* **PROBLEM DETAILS**: Please set down the data word for word; images do not go in the copy.
(DATA PROVIDED Opens)
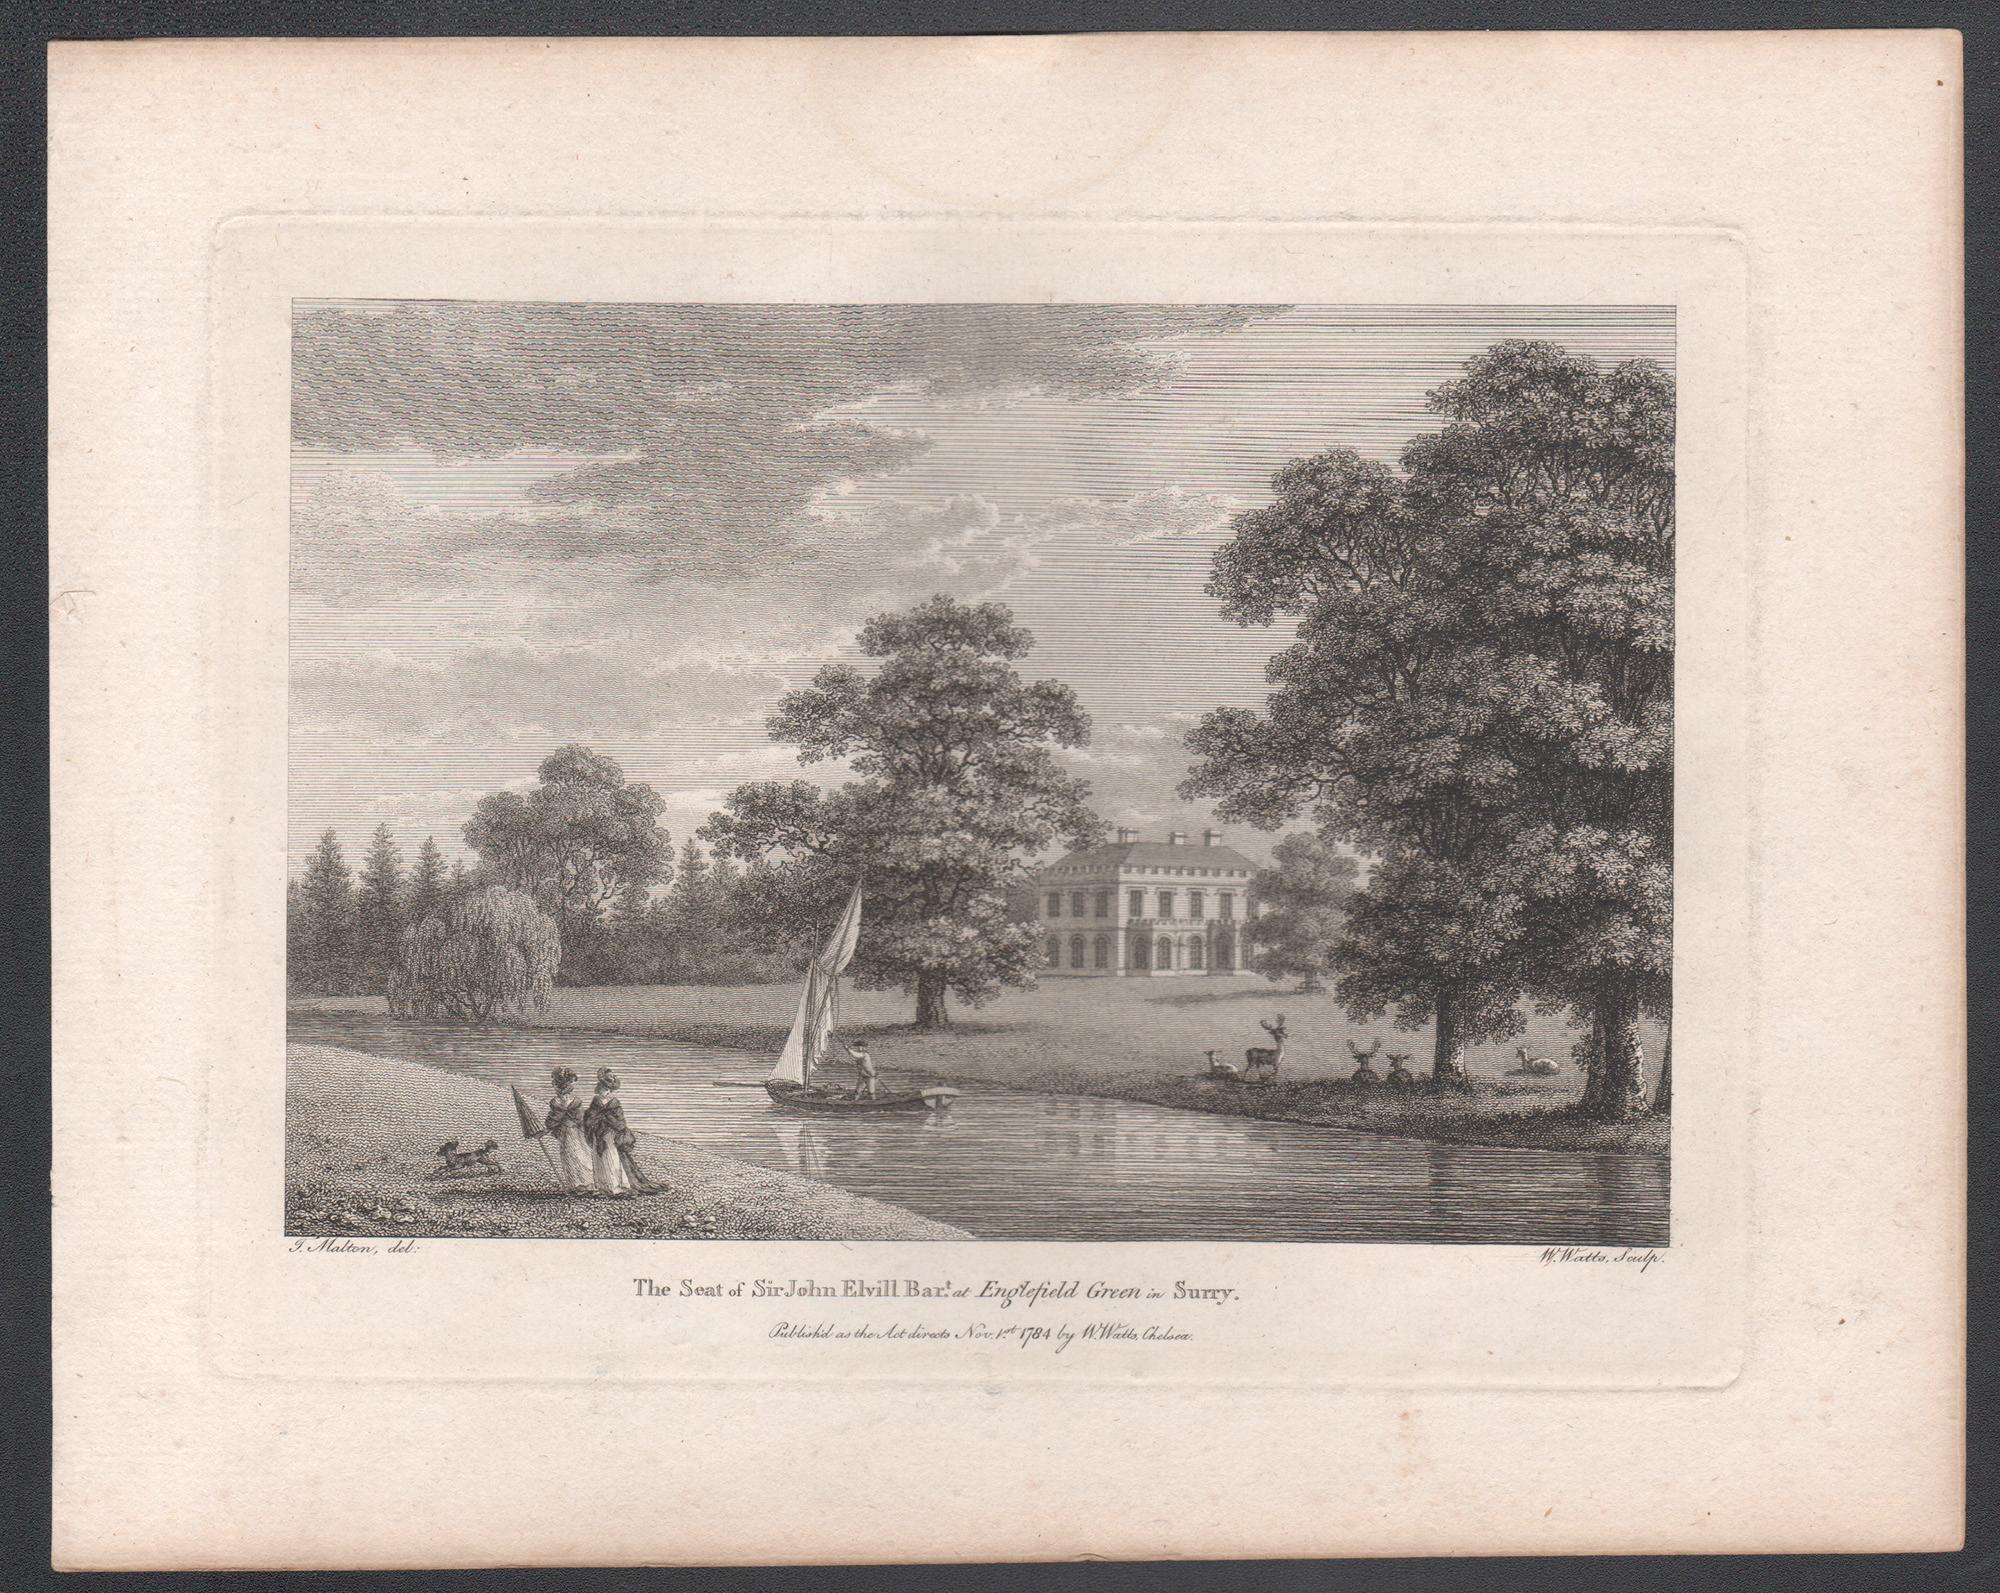 Englefield Green, Surrey, englische Landhausgravur des 18. Jahrhunderts, 1784 – Print von William Watts
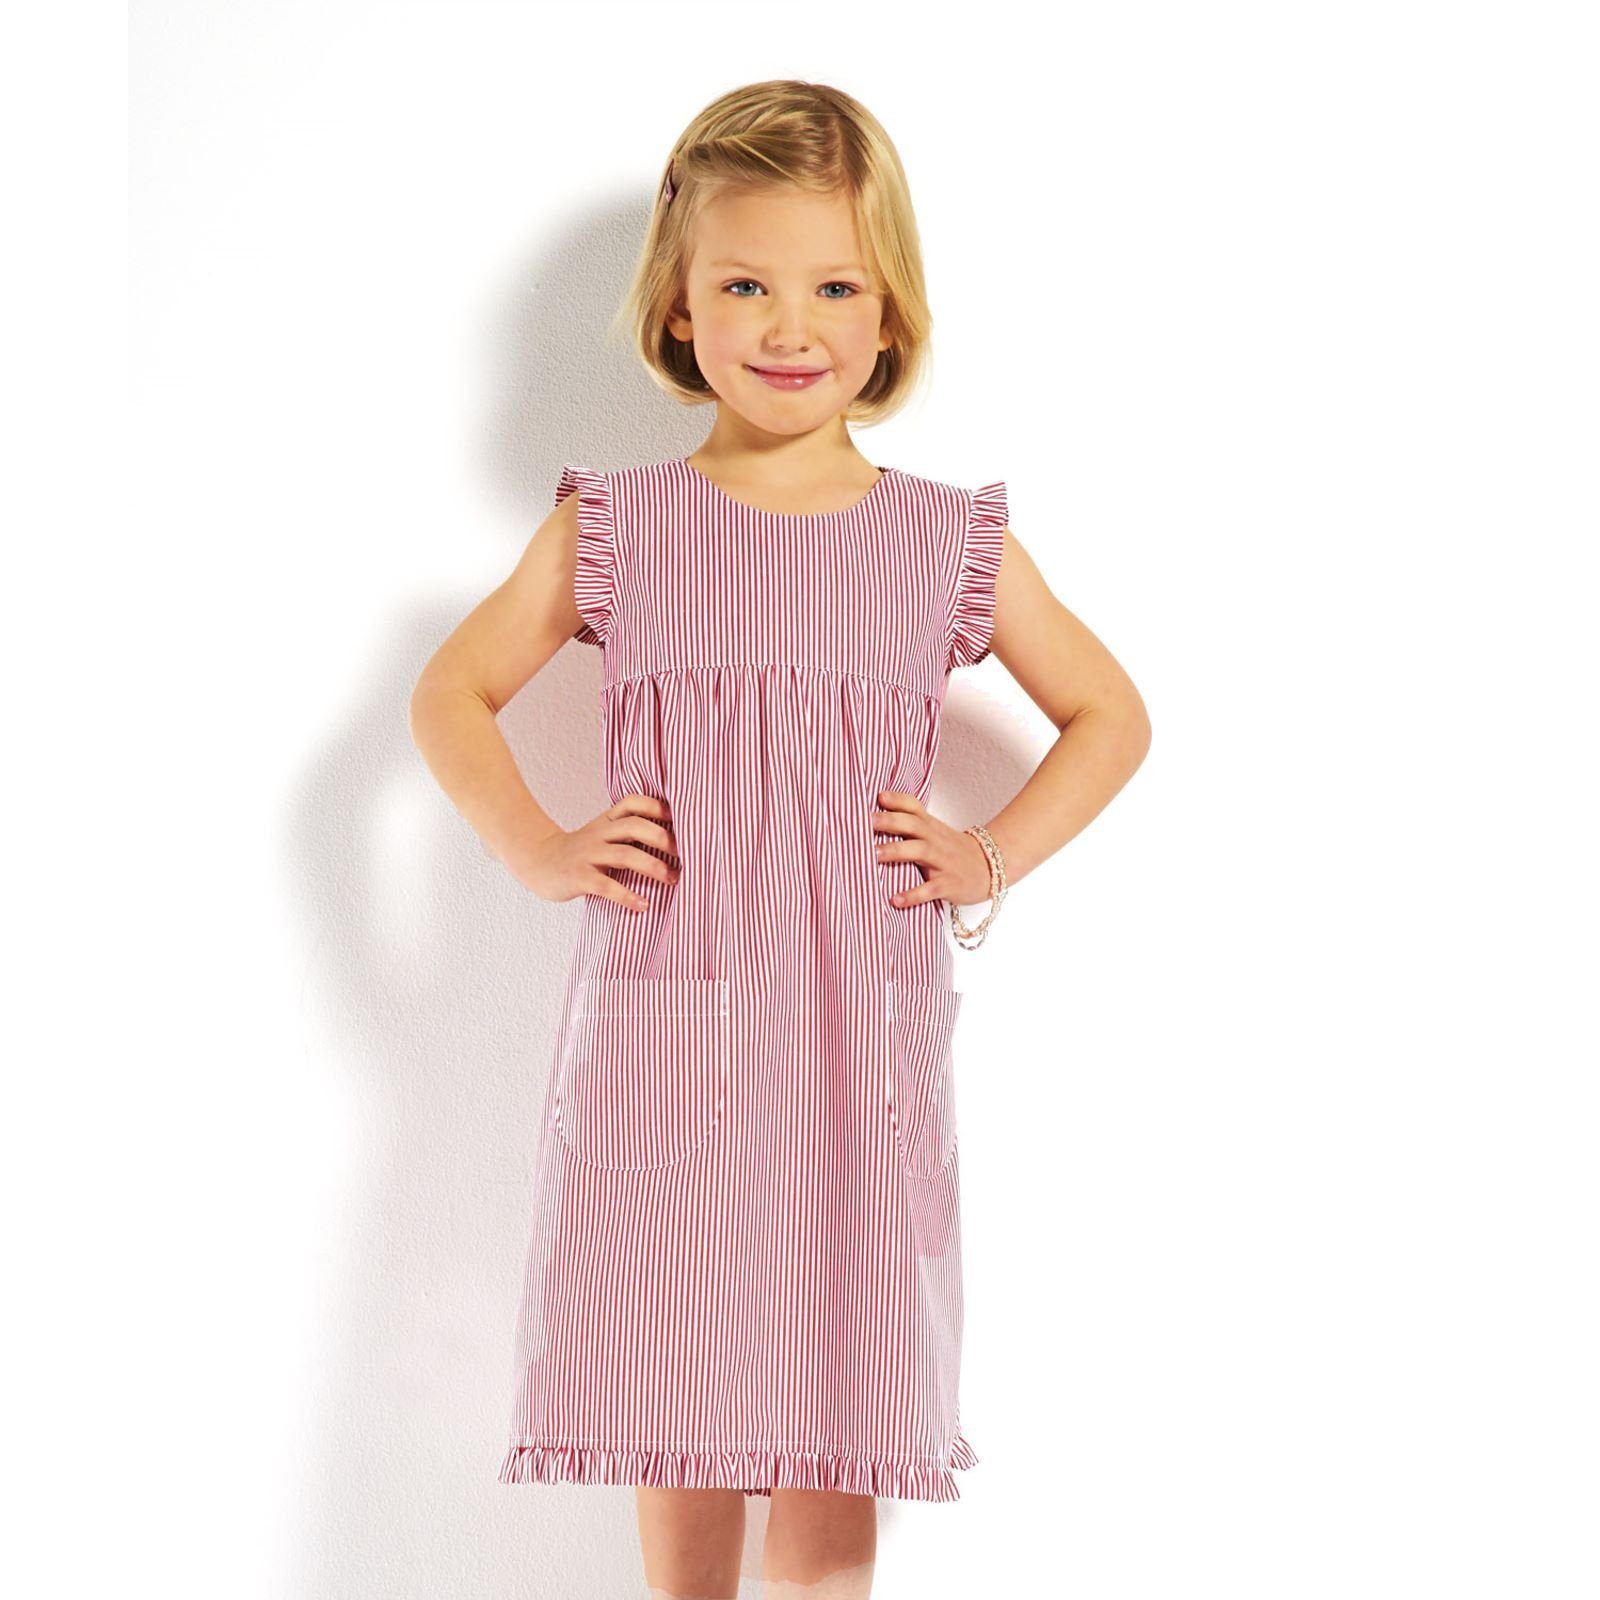 mit - mit rot/weiß gestreift Kleid (023) Kinder Streifen Mädchenkleid gestreift modAS Sommerkleid Rüschen
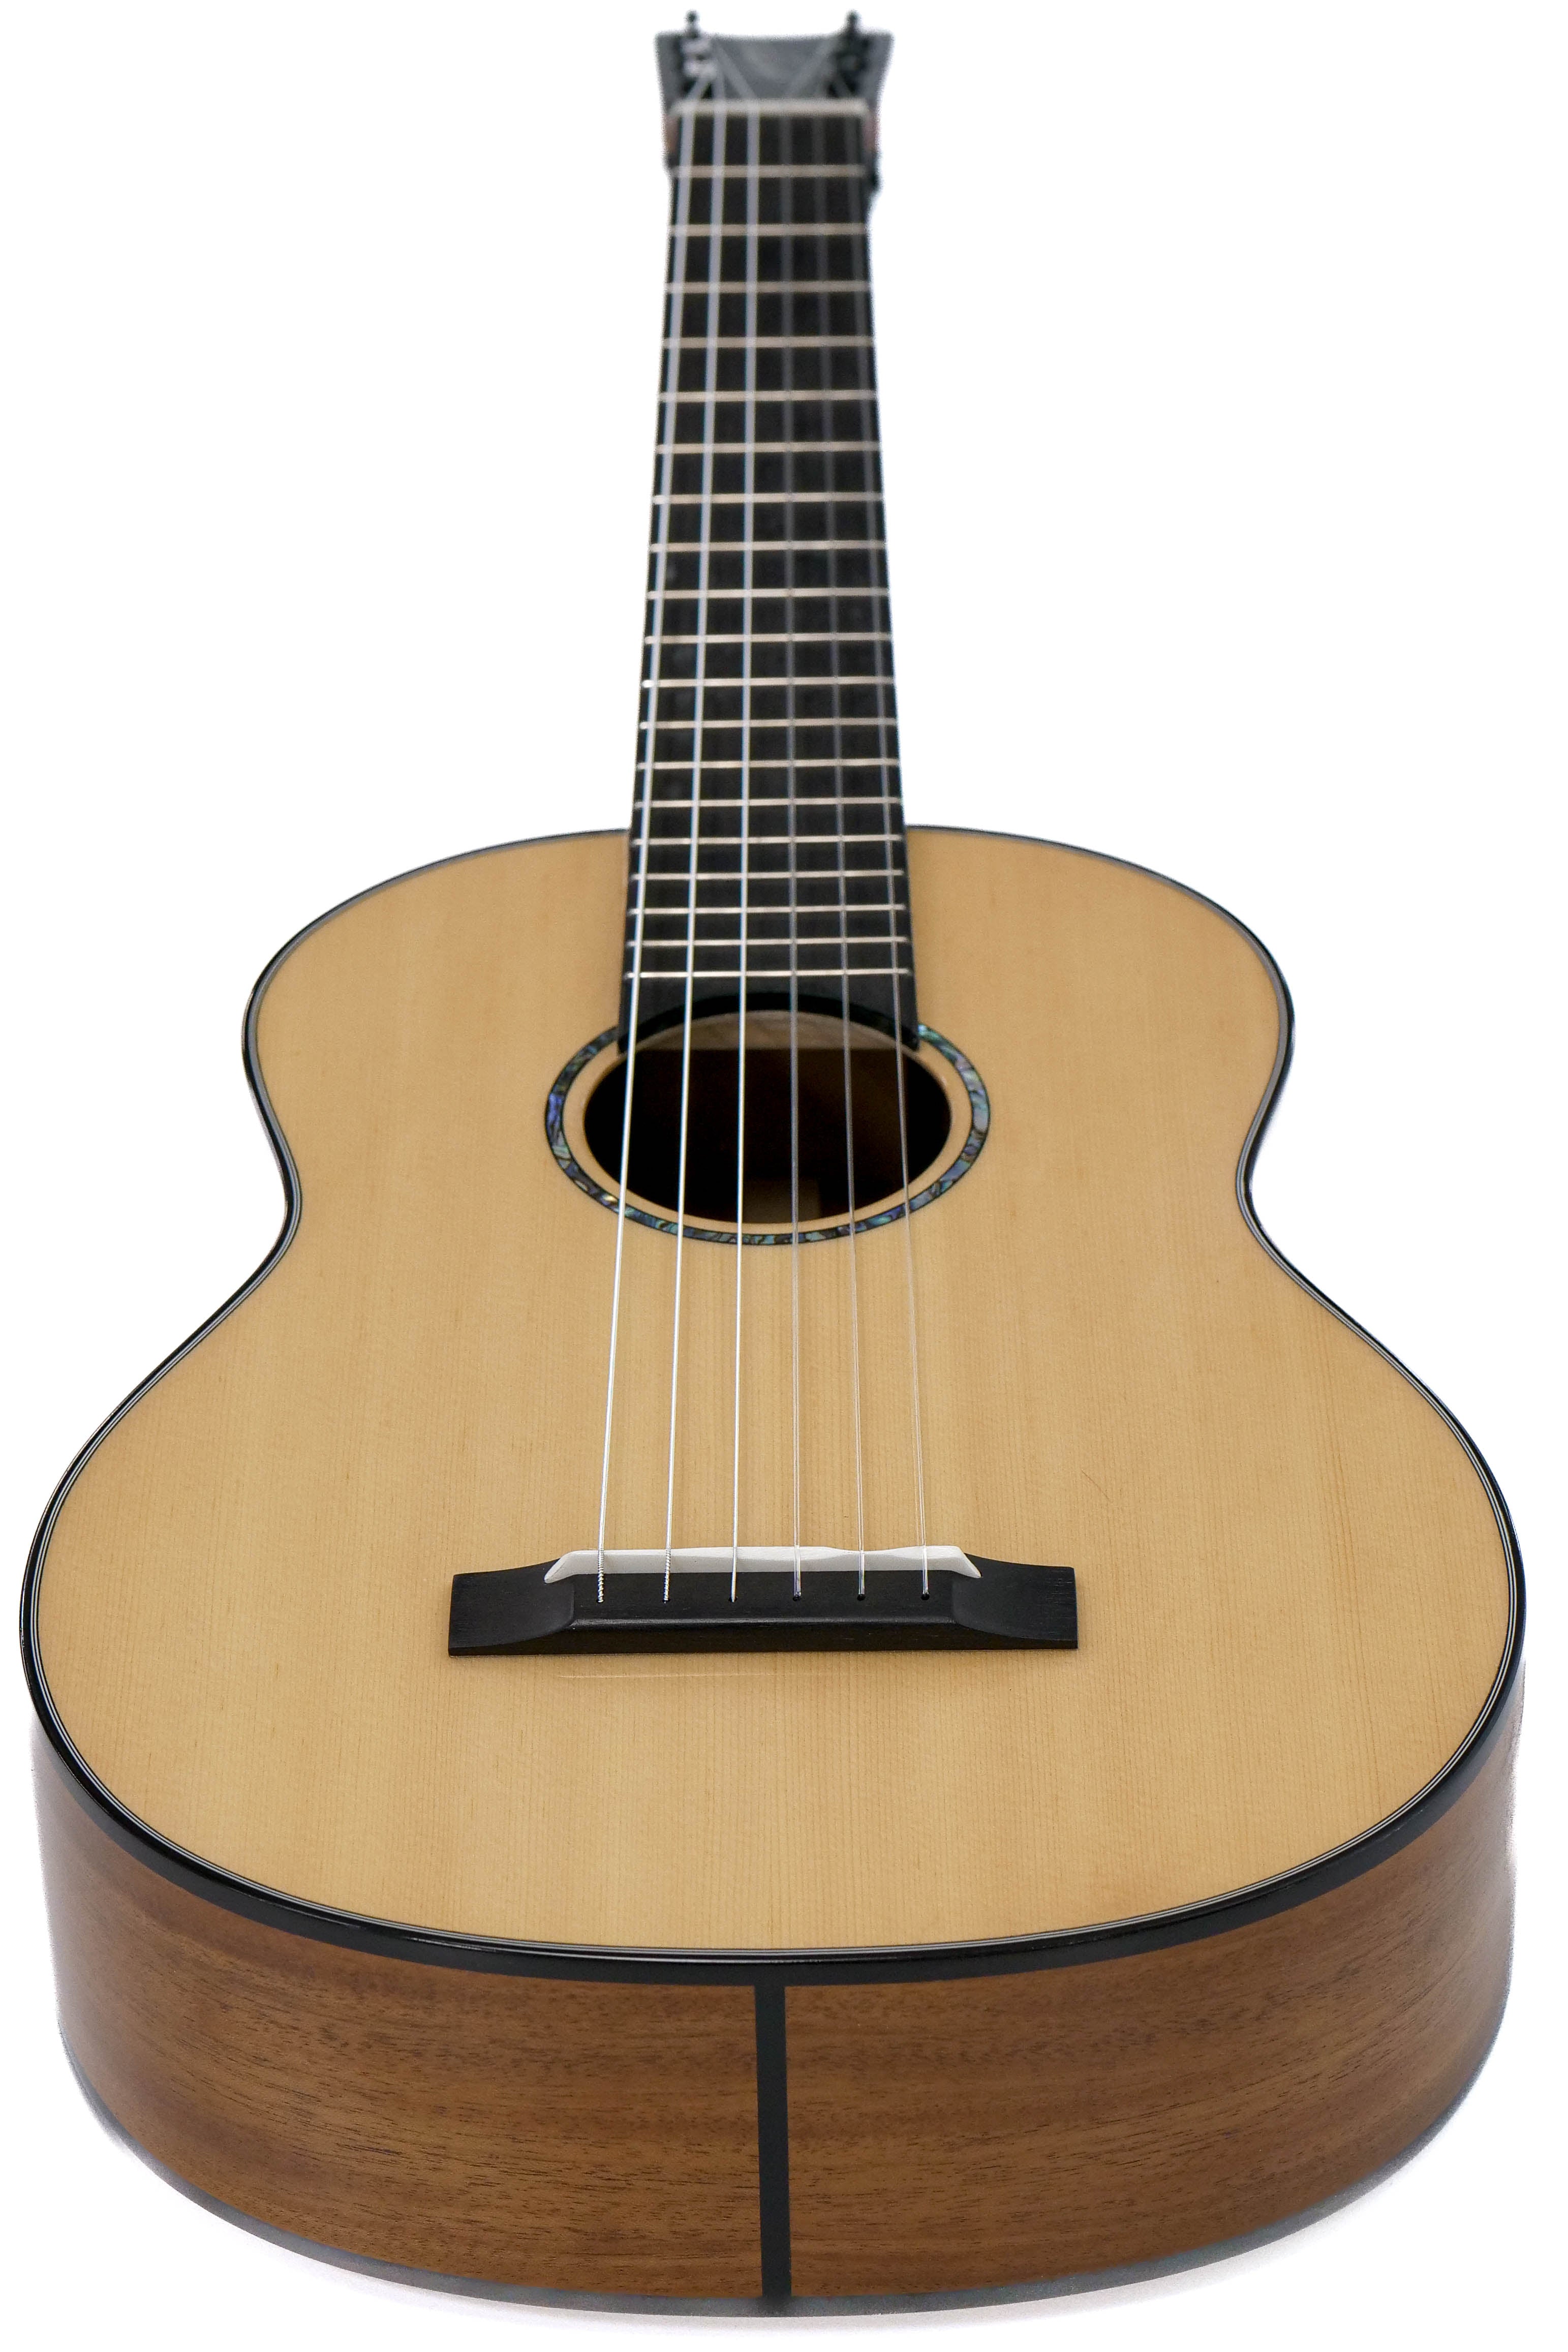 Romero Creations RC-P6-SM Parlor Guitar Spruce Mahogany "KIYA" Tuned E to E
(DATA PROVIDED Closes)
* **EXERCISE OUTPUT**:
 Englefield Green, Surrey, englische Landhausgravur des 18. Jahrhunderts, 1784 – Print von William Watts
 mit - mit rot/weiß gestreift Kleid (023) Kinder Streifen Mädchenkleid gestreift modAS Sommerkleid Rüschen
 Romero Creations RC-P6-SM Parlor Guitar Spruce Mahogany "KIYA" Tuned E to E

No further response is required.